LaborPress

PHOENIX, Ariz.—The Poor People’s Campaign held actions from sit-ins to small rallies at senators’ offices in more than 30 states on July 26, demanding that they enact a four-point program of abolishing the filibuster; raising the national minimum wage to $15 an hour; fully restoring the Voting Rights Act of 1965; and passing the For the People Act, an expansive voting-rights measure originated by the late Rep. John Lewis.

“[Sen. Joe Manchin] is listening more to the U.S. Chamber of Commerce than to the U.S. Constitution.” — Rev. Dr. William Barber.
In Phoenix, 39 people, including the Rev. Jesse Jackson and Poor People’s Campaign codirector the Rev. Dr. William Barber, were arrested in a sit-in outside the office of Sen. Kyrsten Sinema, a Democrat who has opposed ending the filibuster and raising the minimum wage to $15. In Arizona, Rev. Barber said during an online rally later that night, nearly half the workforce makes less than $15.

In San Francisco, protesters outside Democratic Sen. Dianne Feinstein’s local office held up a banner reading “Sen. Feinstein: Bust the Filibuster.” In Portland, Maine, four people were arrested in a sit-in at Republican Sen. Susan Collins’ office after staffers refused to answer whether she supported the four demands. 

“I’ve worked at McDonald’s for 18 years and I still don’t make a living wage,” Portland protester Mindy Bergeron-Lawrence told the online rally.

The actions were leading up to a 27-mile march from Georgetown, Texas to Austin over the next five days, a rally in Austin July 31, and a large march in Washington August 2. The Georgetown-Austin march is intended “to nationalize what’s going on in Texas,“ Barber said. “Texas is the least insured, hardest to vote in, and most underpaid state in the nation.”

“Voting rights are connected to economic justice,” he emphasized, quoting Dr. Martin Luther King.

Named after the economic-justice project Dr. King was trying to launch when he was assassinated in 1968, the Poor People’s Campaign is consciously modeled on the 1960s nonviolent civil-rights movement. Rev. Barber’s rhetorical cadences and the quieter righteousness of the Rev. Liz Theoharis, its other codirector, echo the movement’s alliance of Southern black preachers and white Northern clergy.

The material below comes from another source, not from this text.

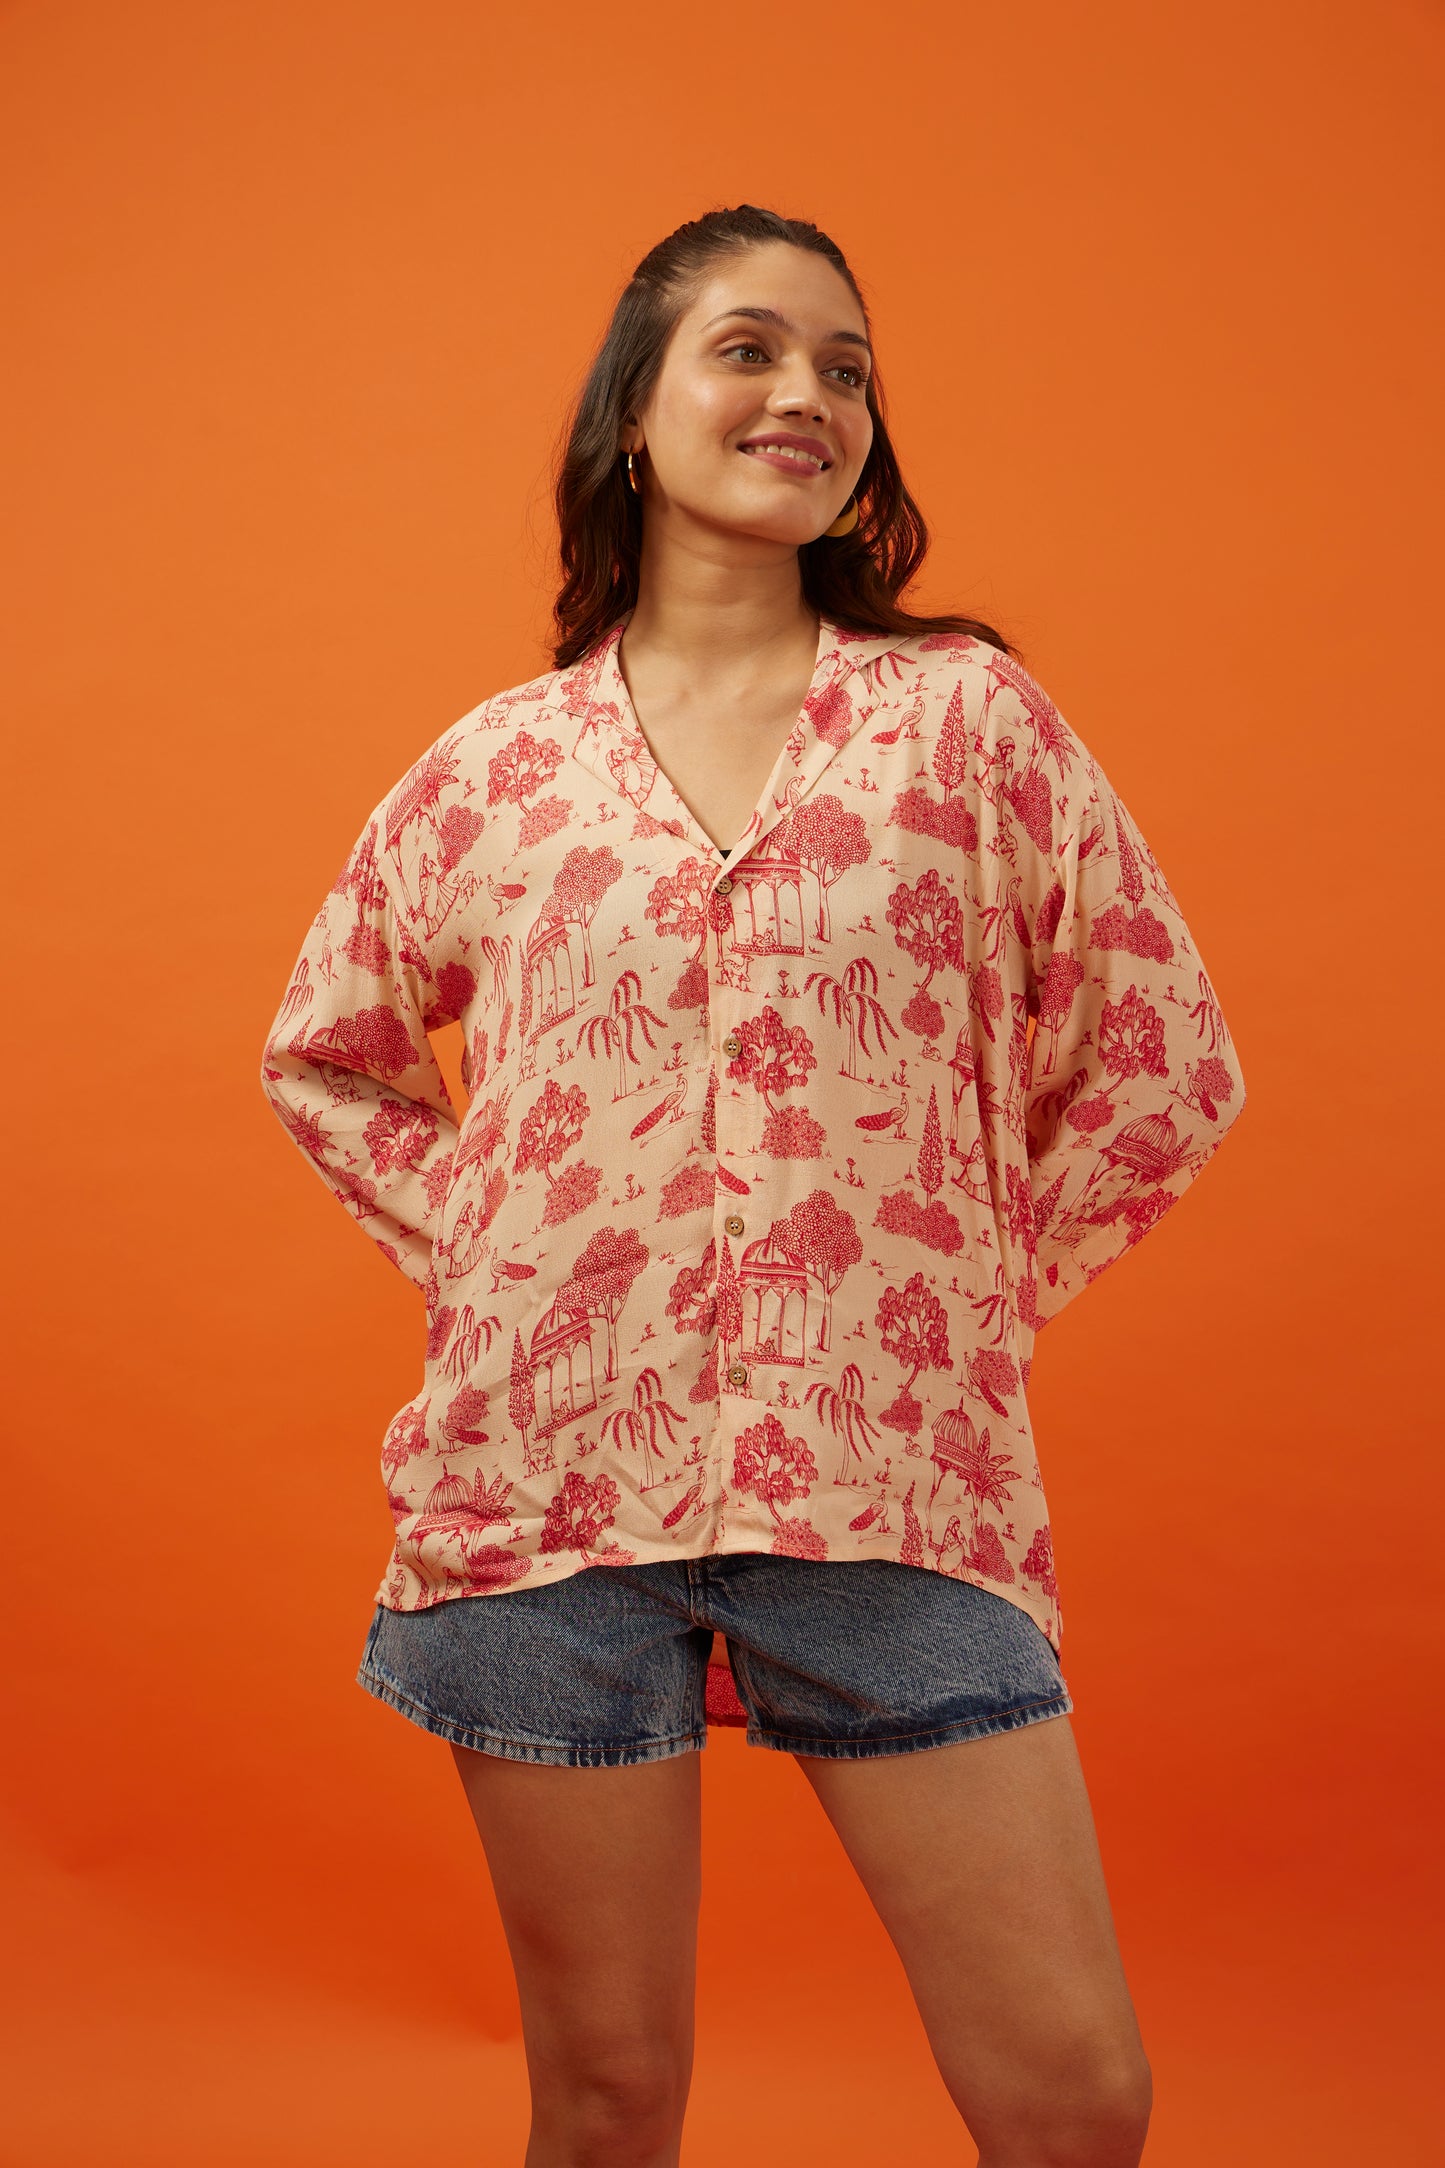 Chic young woman sporting a Hypsway oversized bohemian blouse with intricate Indian palace print in shades of coral and beige, paired with casual denim shorts, exuding a relaxed yet fashionable vibe perfect for a versatile wardrobe.

Theoharis said the Georgetown-to-Austin march was styled after the Selma-to-Montgomery march of 1965 that led to the passage of the Voting Rights Act. Georgetown, now a suburb of Austin, was a Ku Klux Klan stronghold in the 1920s, but also the first place where Klan members were successfully prosecuted in Texas. 

“This is our Selma moment,” the campaign declared.

Marchers in Phoenix sang the old movement anthem “Ain’t Gonna Let Nobody Turn Me Around,” updating it to “ain’t gonna let Donald Trump turn us around.” Marchers in Mississippi, Oregon, and South Carolina sang the old union anthem “Which Side Are You On?”

International Union of Painters and Allied Trades members joined the Phoenix march, and UNITE HERE members turned out for a rally in Boston. The Service Employees International Union and Communications Workers of America also participated.

In Jacksonville, Florida, Terri Neil spoke in front of a backdrop of the Edmund Pettus Bridge, the bridge over the Alabama River in Selma where on “Bloody Sunday” in March 1965, state troopers and a posse of vigilantes assaulted voting-rights demonstrators to prevent them from marching to Montgomery. John Lewis, then 25, suffered a fractured skull.

On Election Day in 2012, Neil said, when she and another black voter-assistance volunteer went to a polling place in Jacksonville, a white person working there closed the door and locked them out.

The voter-suppression bills enacted this year in Texas, Georgia, and other states, she said, are “the desperate last gasps of white supremacy.”

“We will build. We will fight. And we will win,” she vowed.

In Bowling Green, Kentucky, protesters sat in at Sen. Rand Paul’s office, asking whether the Republican supported the four demands, Jeremy Porter told the online rally. Five hours later, a staffer delivered the answers: Four curt “nos.’”

“How can you be against the Voting Rights Act?” Porter asked.

Rev. Barber said that Sen. Paul had at least given a clear answer instead of political “doublespeak.” “We need them on the record so we can keep them on the run,” he added.

In contrast, he noted, West Virginia Democrat Joe Manchin once supported the For the People Act — until Democrats regained control of the Senate and it actually had a chance of reaching the floor. 

Manchin, who in June voted to end a filibuster of the For the People Act but said he would have voted no on the actual bill, opposes eliminating the filibuster. He also voted against raising the minimum wage to $15 in March.

“He’s listening more to the U.S. Chamber of Commerce than to the U.S. Constitution,” Barber said.